Global search finds Objects that no longer contain the search string

What’s The Bug?

I have a Page with a very large text in it.
The text was once even larger, but I deleted a lot of its content, after moving it into other Objects.

The strange thing:
The global search still shows me this specific Page in its results if I search for a certain word that was once in it.
But this word is in fact no longer in this specific Page, it was moved into other Objects weeks ago.
(These other Objects also appear in the search results)

First I suspected, the search function finds terms in the Pages history.
But I couldn’t reproduce this behavior in a test Space (tested with a much shorter Page).

As already discussed with @Razor in the Detective Bureau on May 29, the reason is that Anytype uses an “text index” for the search - instead of the actual real content in the Pages.
According to Razor “it’s middleware side”.

Nothing has happen since then, that’s why I write this bug report now.

How To Reproduce It

  1. Copy repeatedly a lot of content into a Page.
  2. Work with the Page in different ways.
  3. Remove Parts of that content.
  4. Search globally for a term that no longer exists in this Page.

If the search function shows this Page in its results, you’ve reproduced the bug.
It doesn’t happen in all cases. It seems to be necessary to work a bit with the Page; doing some edits and so on.
But if the error occurs, it doesn’t matter what you further do with that Page - search will forever find this Page.

That means, that the “text index” never becomes updated, it seemingly contains from now on a shaddow copy of everything that once was in this Page.

The Expected Behavior

In my opinion it is a bad concept to use such an index that isn’t 100 percent synchrone with the real content.
A user clearly expects that the search function only finds Object that actually really contain the search string.

Additional Context

I see this bug even as a security thread.
In case you have once temporarily stored some very sensitive information in a Page but deleted them afterwards, the search function still shows a part of that information in its results.
I don’t know if under certain circumstances such information can even “leak” into other (shared) Spaces, for example after exporting some content and importing it into another Space.
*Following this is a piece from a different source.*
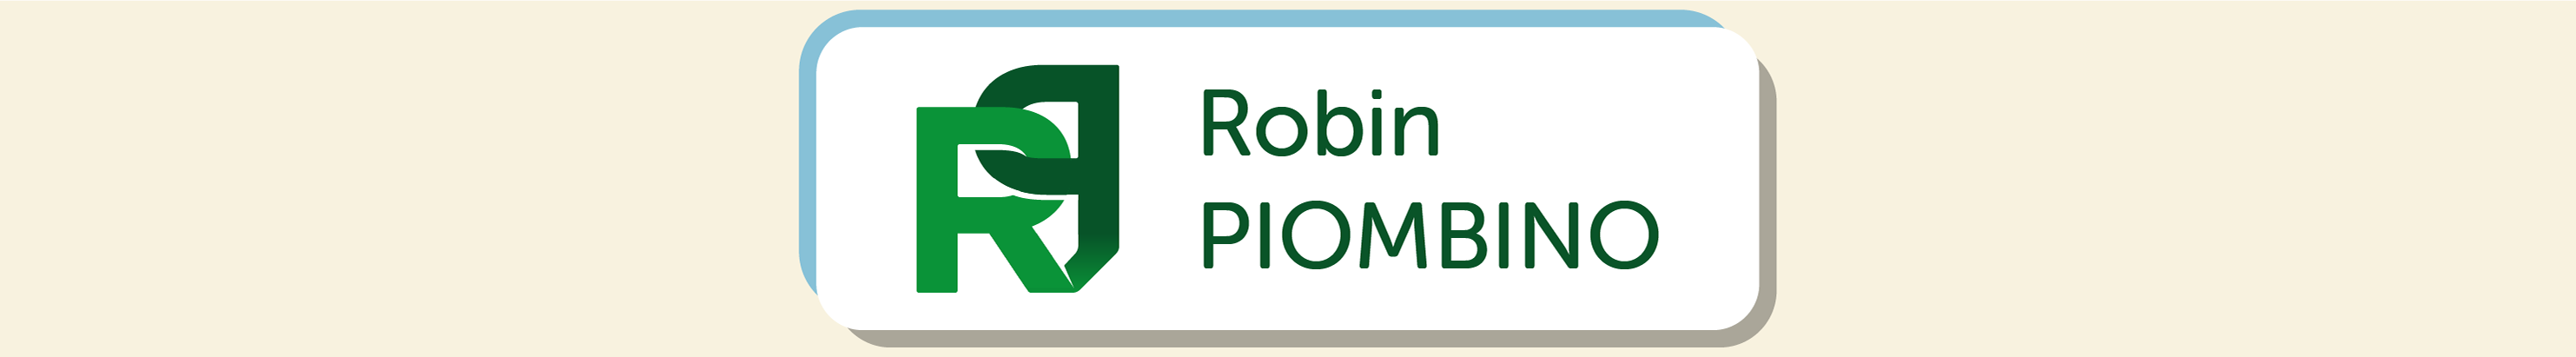 Robin PIOMBINO 的個人檔案橫幅

If not (yet) it may become a relevant problem in future if we get more advanced functions for moving content into other Spaces, or functions for linking from Space to Space etc.

See also this discussion:

Device

Desktop PC

OS

Win 10

Anytype Version

0.41.44-beta (and older versions)

Network Mode

AnySync

Technical Information

OS version: win32 x64 10.0.19045
App version: 0.41.44-beta
Build number: build on 2024-07-26 09:26:16 +0000 UTC at #880ac3d5134fe60092e57266300db2831da32e9c (dirty)
Library version: v0.35.0-rc11
Anytype Identity: AAtt6aReARByswg2CbvZhveoJEEcnydfDu7U2VAkgJALsE7D
Analytics ID: 8a514008-4f5d-40d3-970f-a0d241b63af2
Device ID: 12D3KooWGqd6JSafCCcEwvnke5JAVgBNnuR9gGQeSBQ5HdUboWtG

This report has been added to our issue tracker and received by the Development Team.
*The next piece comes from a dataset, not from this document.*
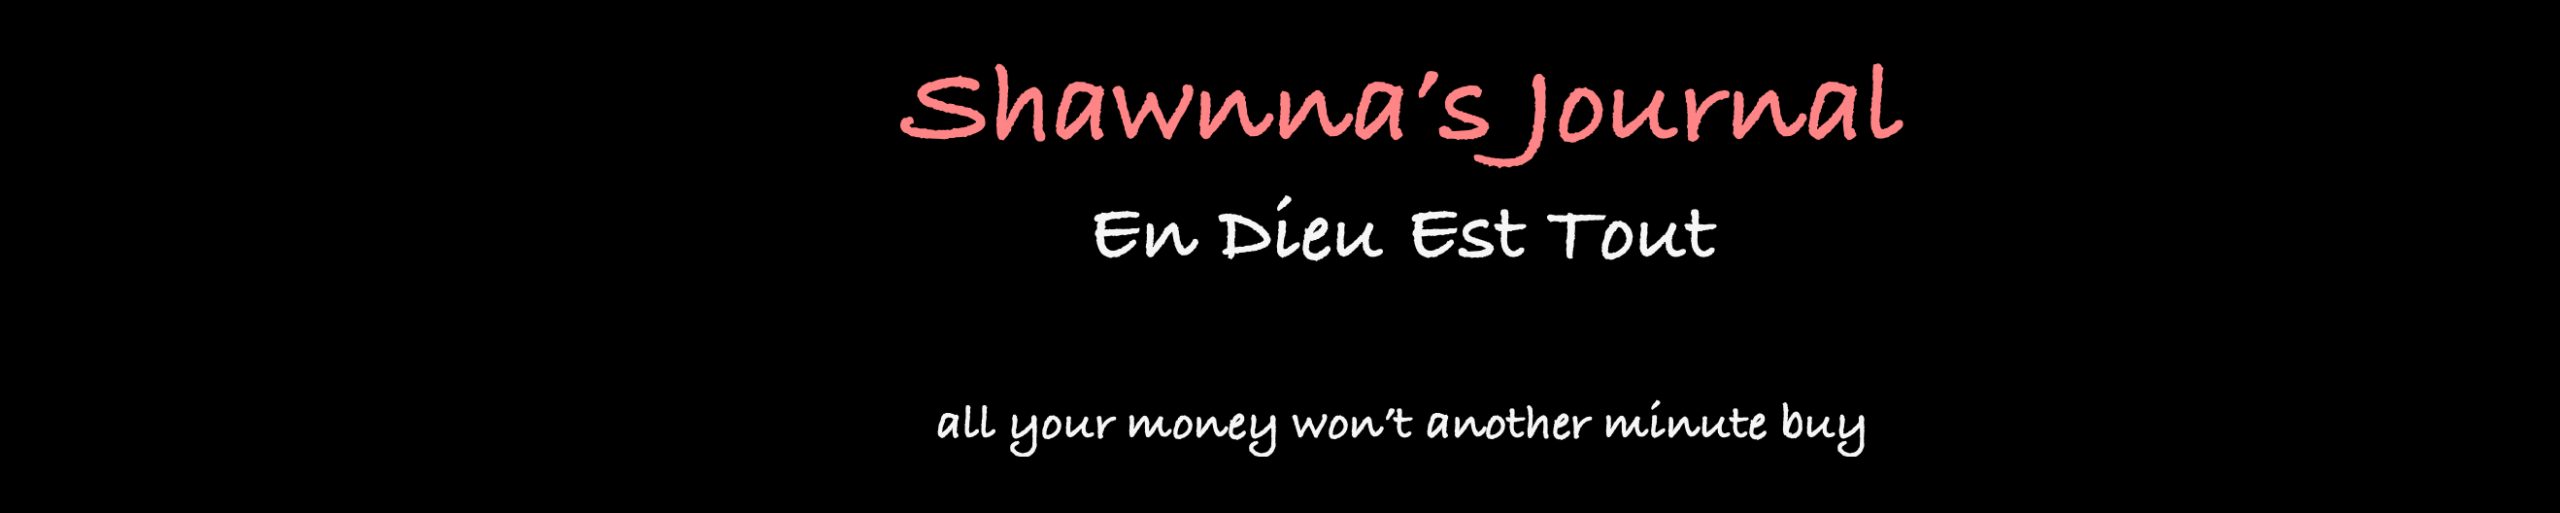 shawnna.org

This issue has been fixed by the Development Team and will be implemented in an upcoming release.

The bug is finally gone with the today’s version! :+1:

@Razor btw:
The today’s version has still the same version number as the previous beta:
v0.42.38-beta.
Also the technical information shows this version number and a built number from four days ago:

OS version: win32 x64 10.0.19045
App version: 0.42.38-beta
Build number: build on 2024-10-11 13:08:06 +0000 UTC at #1f6513697af29f7e061c0ac001376b99793bcbc3 (dirty)
Library version: v0.36.0-rc8
Anytype Identity: AAtt6aReARByswg2CbvZhveoJEEcnydfDu7U2VAkgJALsE7D
Analytics ID: 8a514008-4f5d-40d3-970f-a0d241b63af2
Device ID: 12D3KooWGqd6JSafCCcEwvnke5JAVgBNnuR9gGQeSBQ5HdUboWtG

And “off course”, as often mentioned, the “What’s new” section has never entries for the news in beta versions …

That makes a not so easy to report issues if the data in these three menu points seem to belong to an earlier version.